Sleep experts tell you what to do and what not to do

By Maiya Focht Health Reporter for Dailymail.Com

18:13 07 Jul 2024, updated 18:29 07 Jul 2024

When it comes to natural sleep aids, most of us are familiar with the old, common sense advice: Take a bath, avoid heavy meals, and try not to look at screens.

But experts say there are many more changes to your evening routine that you may be less familiar with.

Many of these changes involve avoiding certain behaviors that you have been exhibiting for most of your life.

For example, skipping a curry for dinner could make the difference between a disturbed night’s sleep and a restful one, Dr. Ankit Parekh, assistant professor of sleep medicine at the Icahn School of Medicine at Mount Sinai, told

Below, the sleep expert explains his top tips and tricks for a good night’s sleep without medical intervention.

Getting a good night’s sleep is easiest when you train your body to maintain a consistent rhythm. Some studies have shown that people who sleep around the same time every night are healthier, Dr. Parekh said

DO NOT eat chocolate or spicy foods, and do not do cardio training

First, choose your evening meal wisely.

You may know that eating late (after 8pm) is linked to weight gain and a higher risk of obesity.

But what you eat later in the evening can also affect your sleep. In particular, eating spicy or fatty foods in the hours before bed can lead to indigestion, better known as heartburn.

The symptoms, which include a feeling of acid rising from the stomach to the throat, can wake you up and disrupt your sleep quality.

Also, consider only drinking coffee in the morning. Research has shown that the stimulating effect of caffeine can last up to six hours after ingestion.

Dr. Ankit Parekh investigates how people cope with sleep apnea and the consequences of poor sleep

This means your body can be hyper-alert as you prepare for bed, making it difficult to wind down. Dr. Parekh recommends cutting out the java before 3 p.m.

And while you might think a few beers will put you to sleep, make no mistake: it’s been known to decrease the quality of your sleep.

When people drink alcohol, it reduces the amount of time they spend in the deeper stages of sleep — generally the time your body needs to recover, according to the Sleep Foundation. So missing out on this stage could mean missing out on the health benefits of a good night’s sleep.

Drinking alcohol regularly also increases your risk of sleep apnea, a condition in which people stop breathing during sleep.

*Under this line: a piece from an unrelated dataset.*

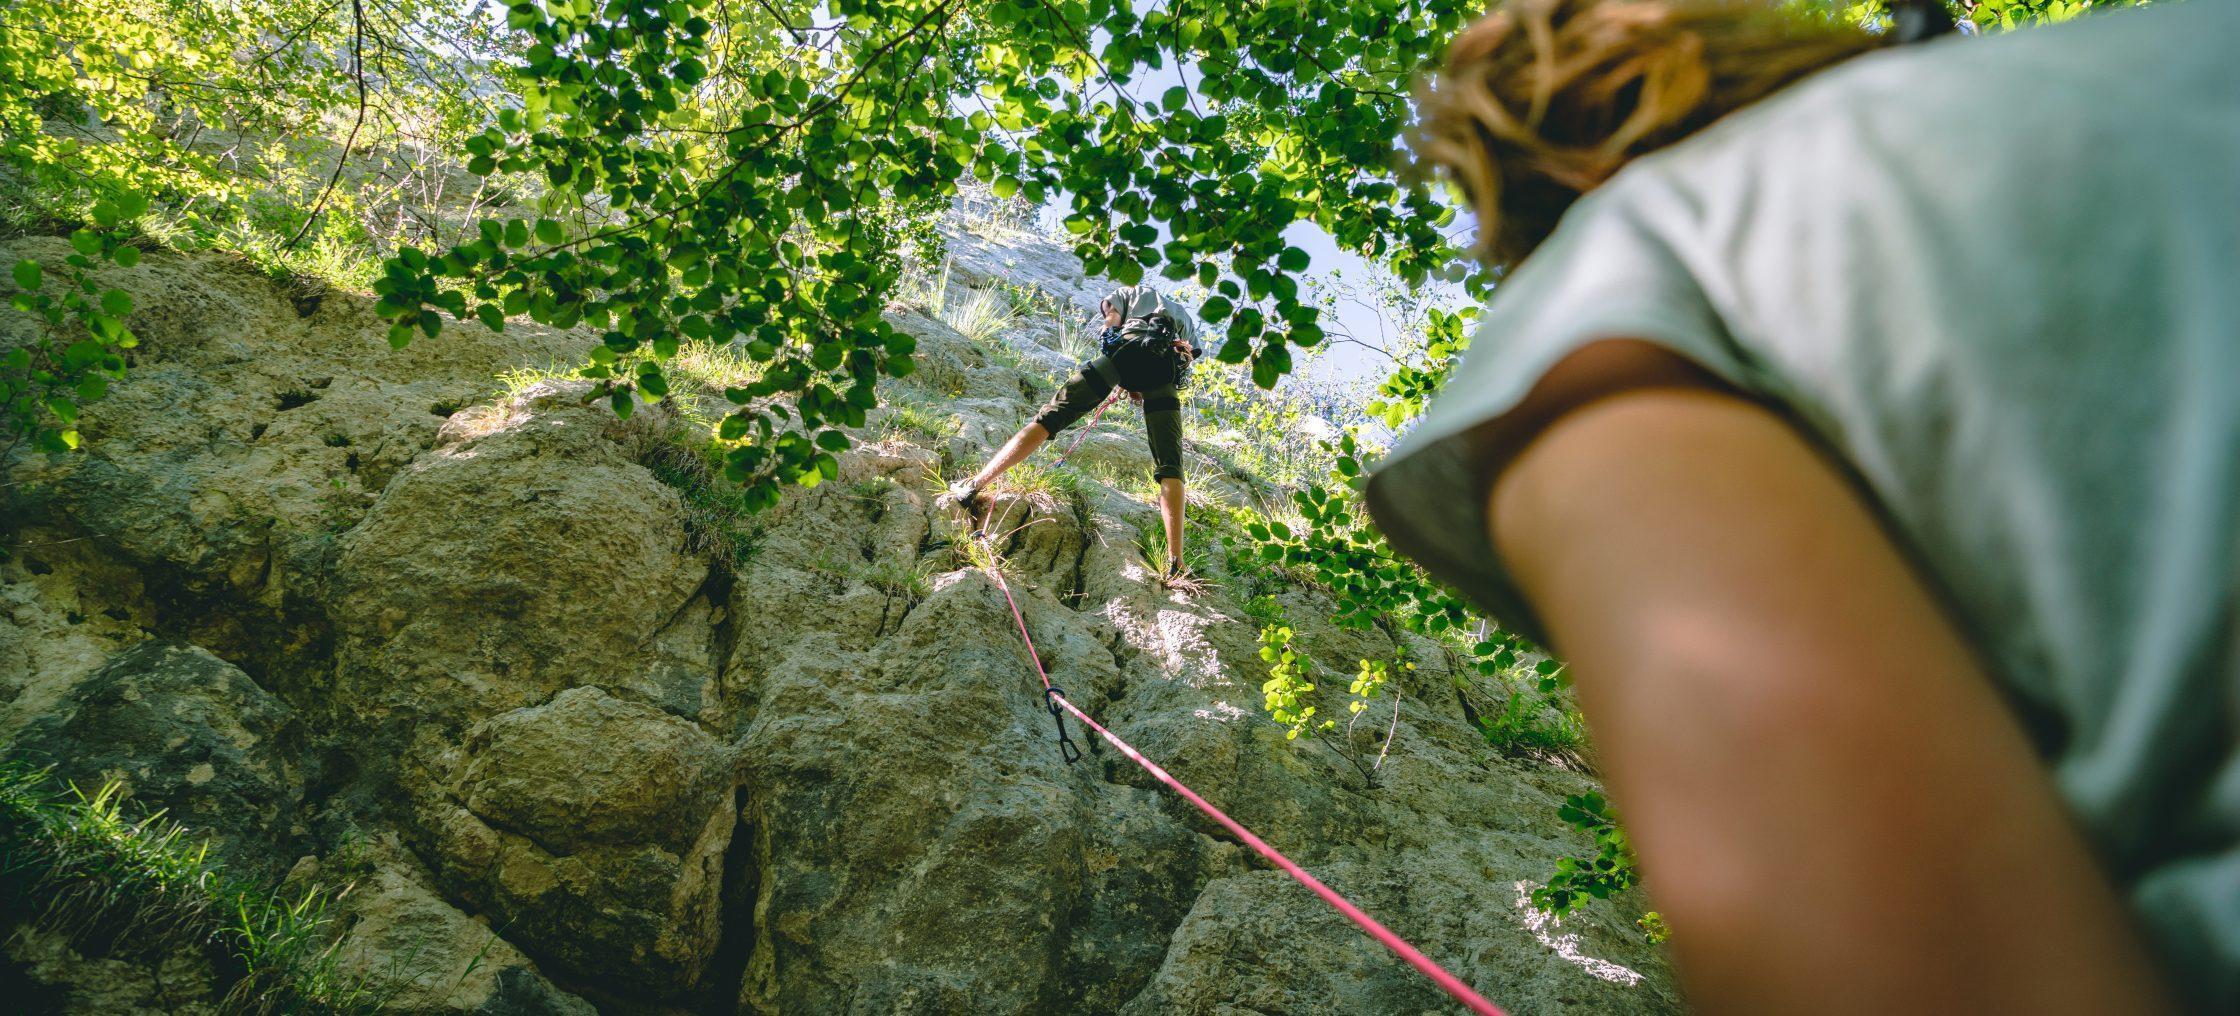 Frau sichert Partner an der Kletterwand - Kanton Jura

Alcohol can cause the throat and tongue muscles to relax, which can block oxygen flow. This causes people to wake up repeatedly, making for poor sleep.

While exercise is generally considered good for sleep, it’s best to avoid intense cardio workouts after 7 p.m., Dr. Parekh advises.

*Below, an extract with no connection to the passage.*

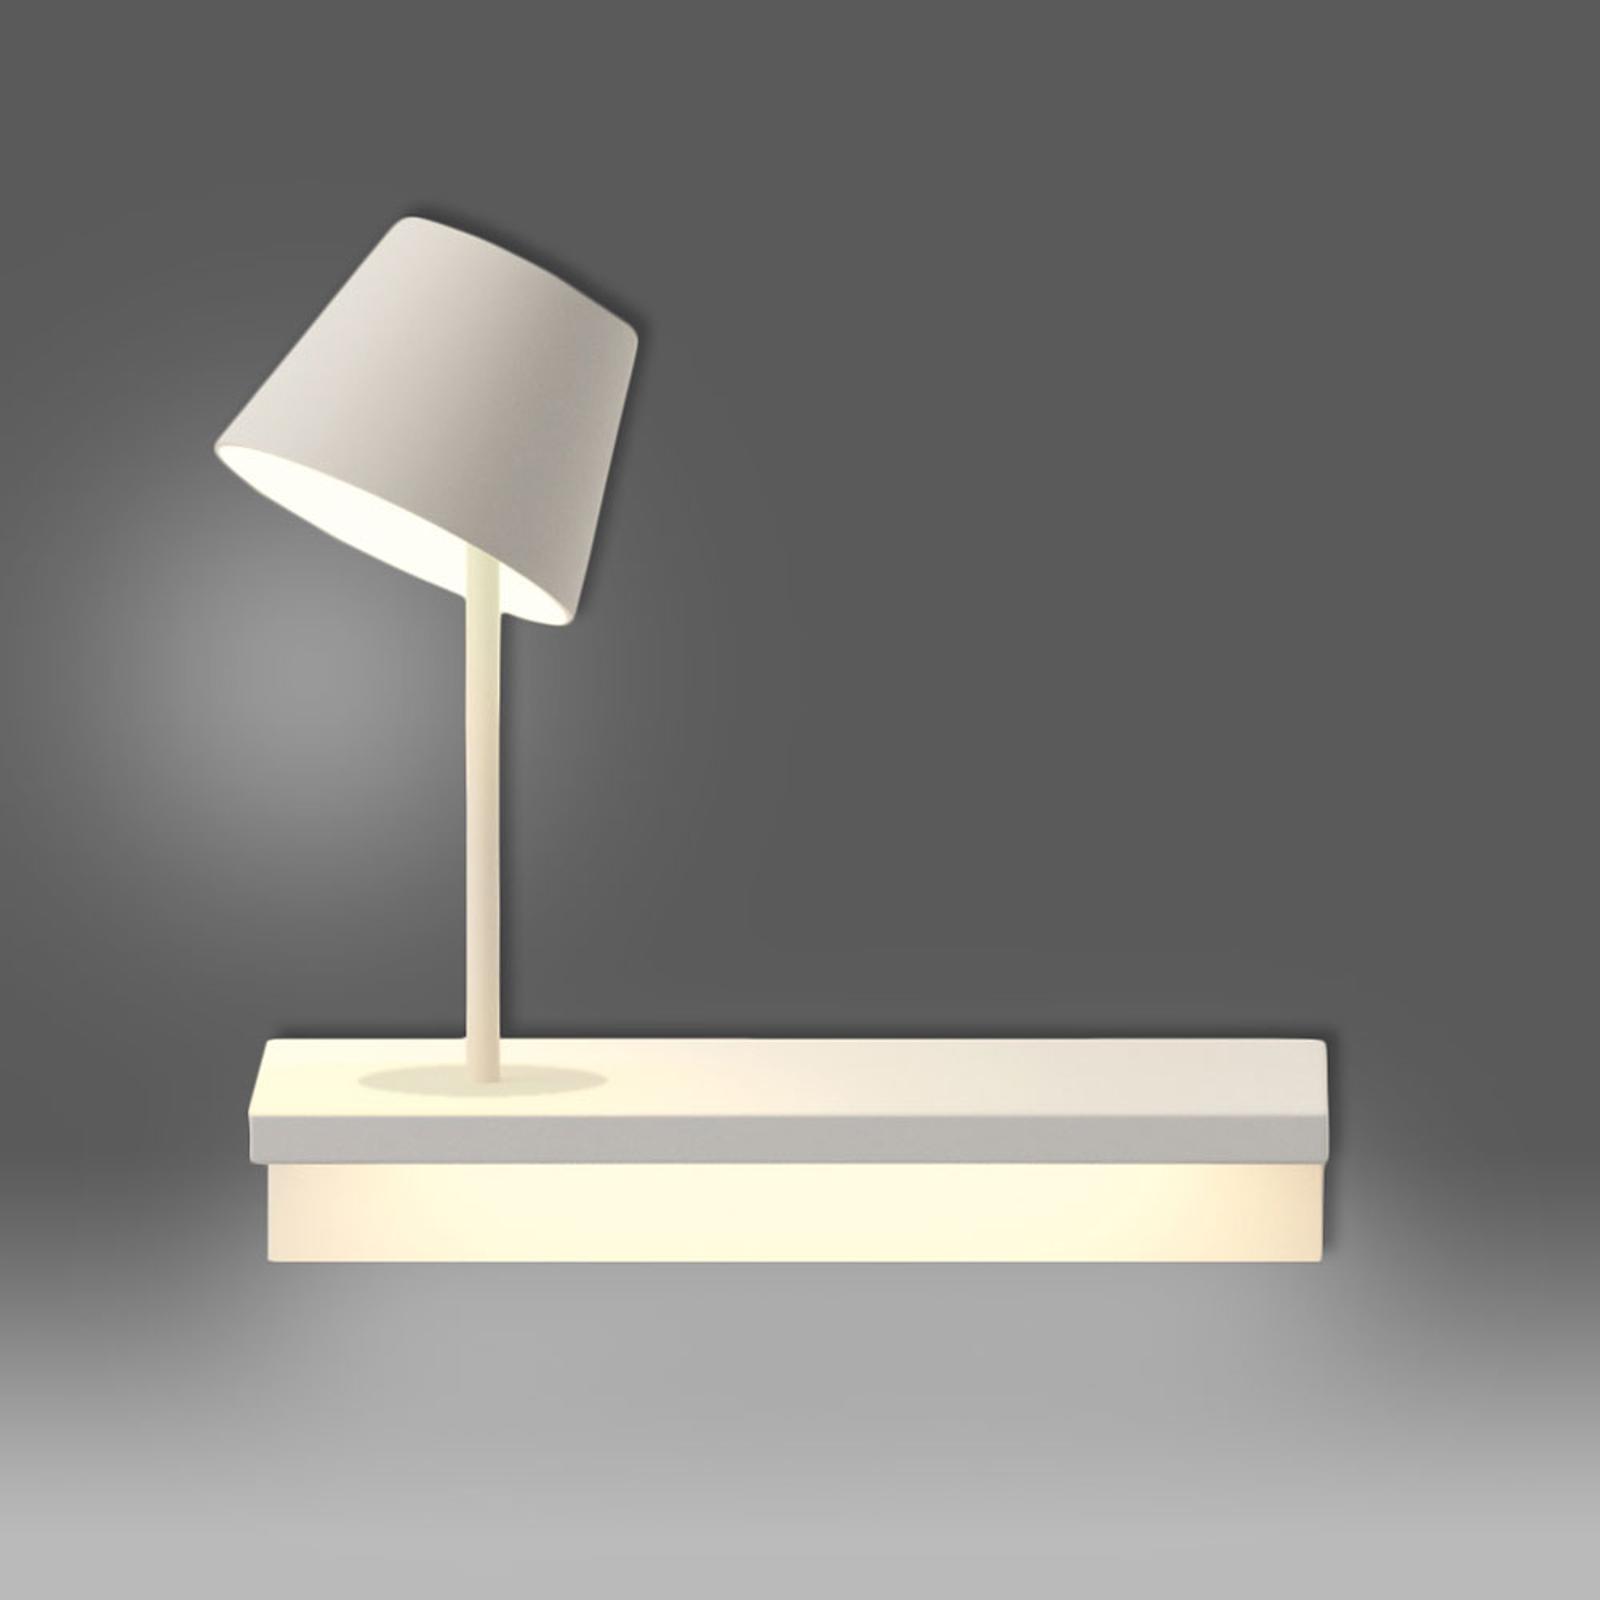 Moderni LED-seinävalaisin Suite 29 cm

That’s because cardiovascular exercise can increase your heart rate and body temperature, making it harder to fall asleep quickly.

Dr. Parekeh also stressed the importance of avoiding all screens in the hour before bed, whether it’s your cell phone, laptop or tablet.

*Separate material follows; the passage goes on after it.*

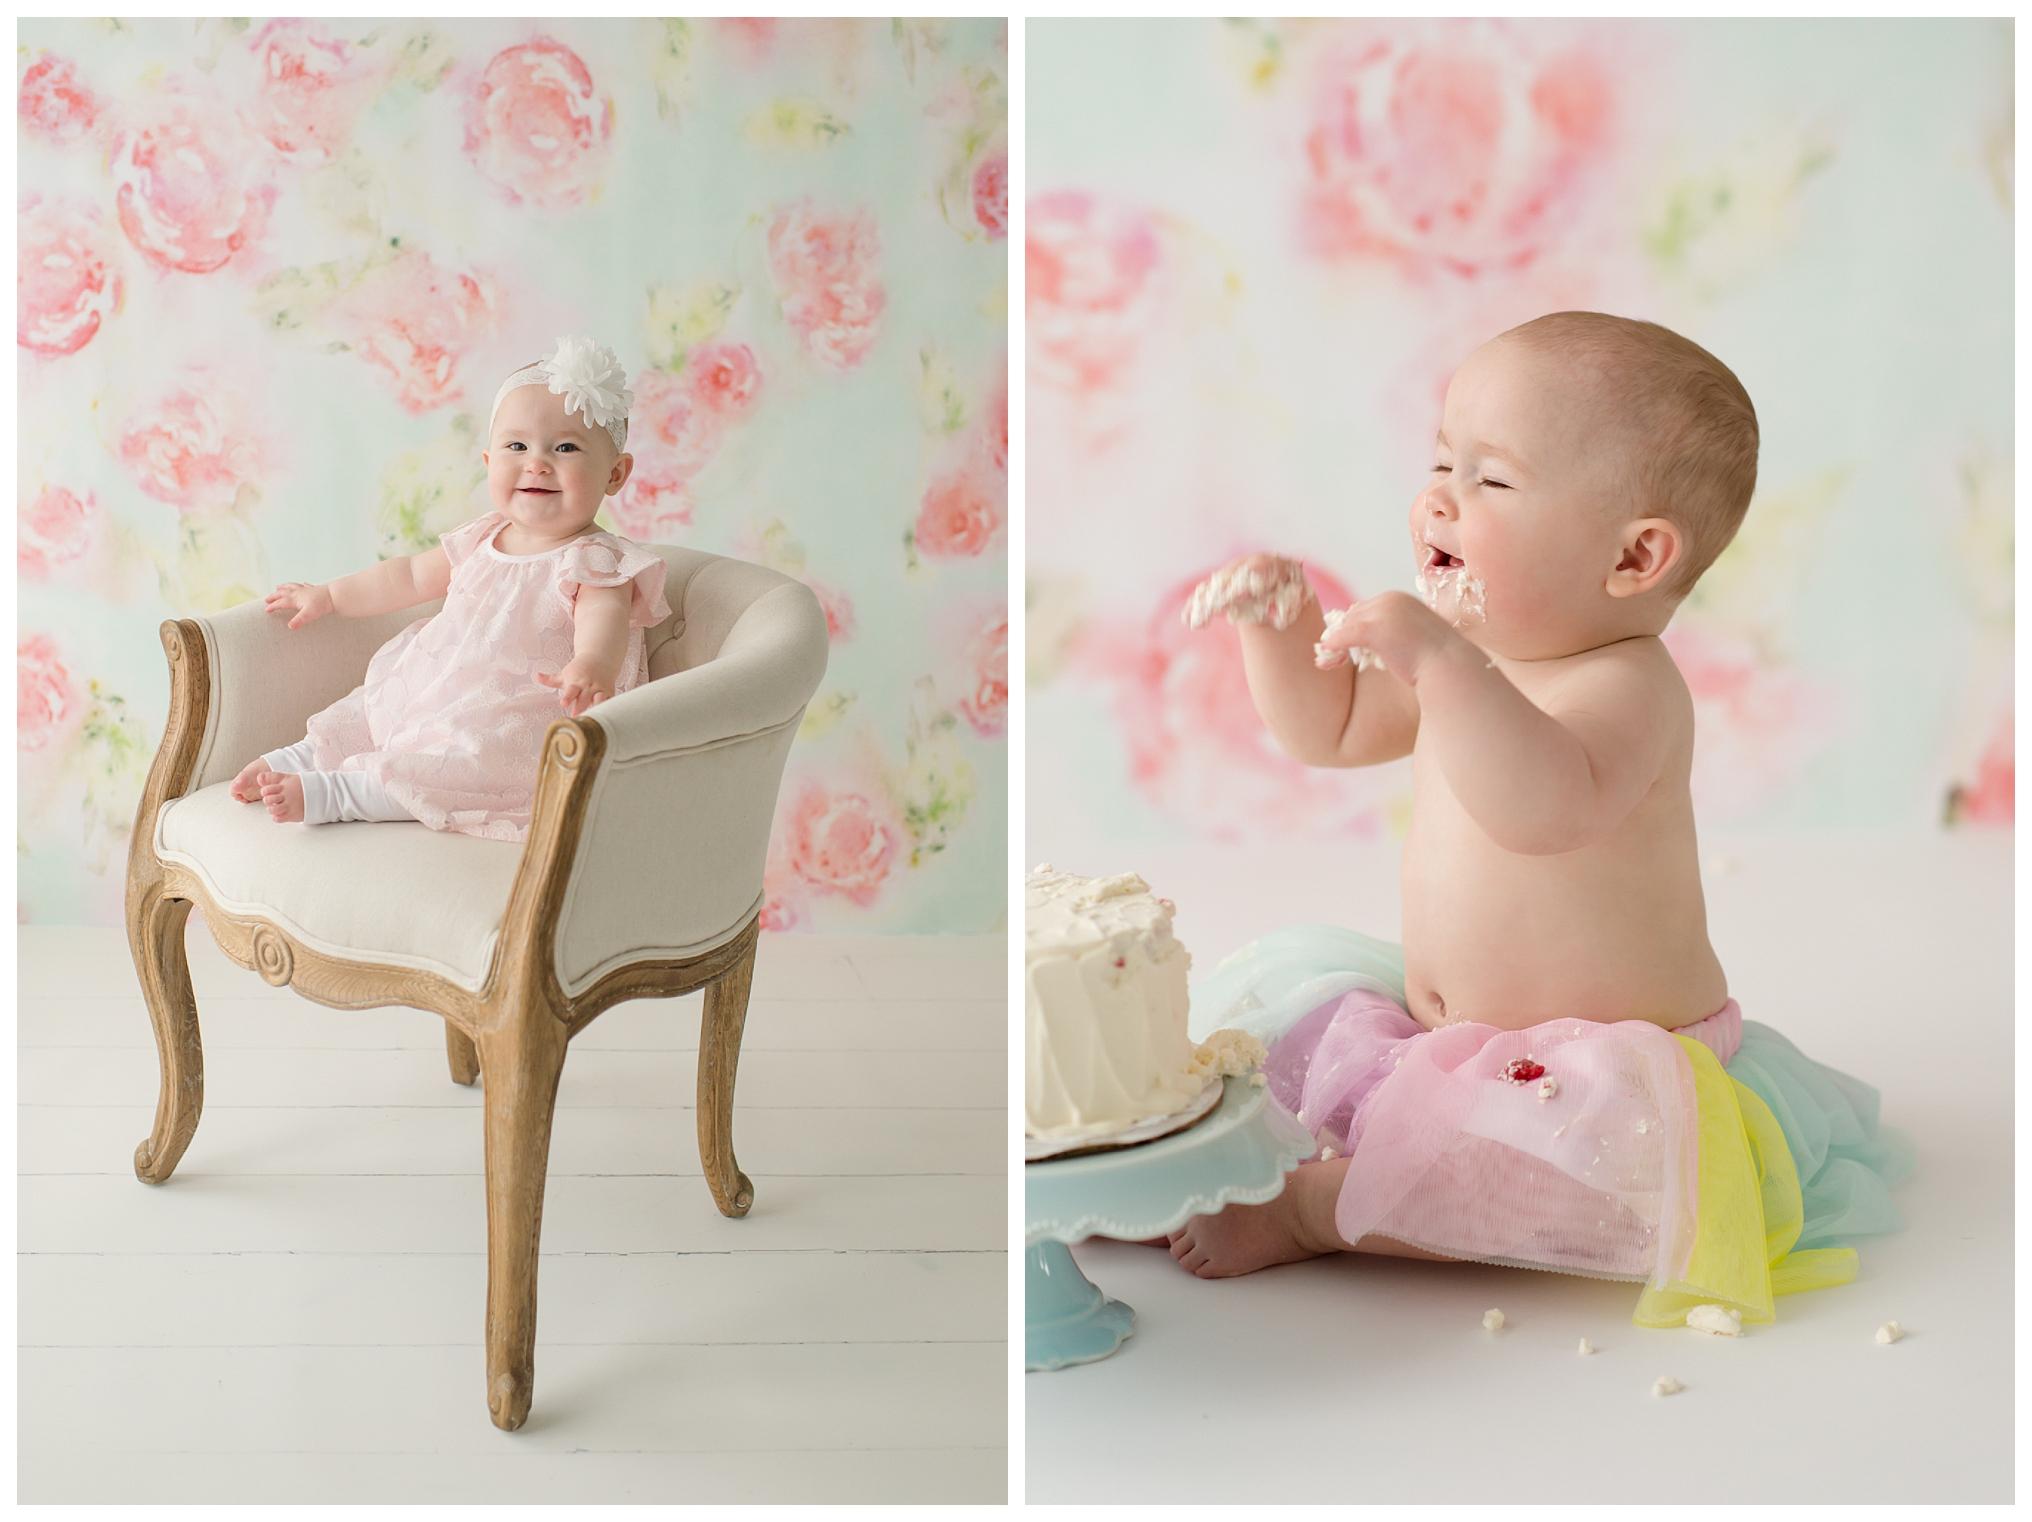 Maine-baby-photographer-sweet-light-portraits240.jpg

Turn on your air conditioning, clean your room and take a few deep breaths

The most important thing about your sleep environment is that it should be dark, quiet and a comfortable temperature. But you can also practice mindfulness, meditation or yoga before bed if that helps you, experts say

With a few simple tricks you can make your bedroom as sleep-friendly as possible.

If you have air conditioning, set it to the ideal, sleep-inducing temperature of 18-22° C (66-72° F), says Dr. Parekh.

Also make sure your bedroom is a relaxing, uncluttered environment.

A 2017 study of 1,052 volunteers found that tidying up the bedroom helps people with insomnia fall asleep faster and more consistently.

Research suggests that stretching, mindfulness, and breathing exercises also help calm the mind before bed.

As for your evening routine, start winding down two hours before you go to bed.

Whatever your specific routine, following these steps consistently will signal to your body that it’s time to wind down, and you’ll naturally find yourself getting sleepy, says Dr. Zweig.

“We need to transition to sleep slowly,” Dr. Zweig said. This means going to bed at about the same time every night.

Research has shown that people with consistent sleep patterns tend to be healthier, Dr. Parekh says.

Surprisingly, experts say it’s not just the things you do or don’t do at night that affect your sleep.

Getting plenty of sunlight during the day helps maintain your body’s circadian rhythm — the natural cycle of hormones that regulate your alertness, Dr. Parekh says.

Exposing your body to sunlight during the day will naturally wake you up, which will make you feel tired when the lights go out in the evening.

If you do all of these, you’ll likely get a good night’s sleep, says Dr. Parekh.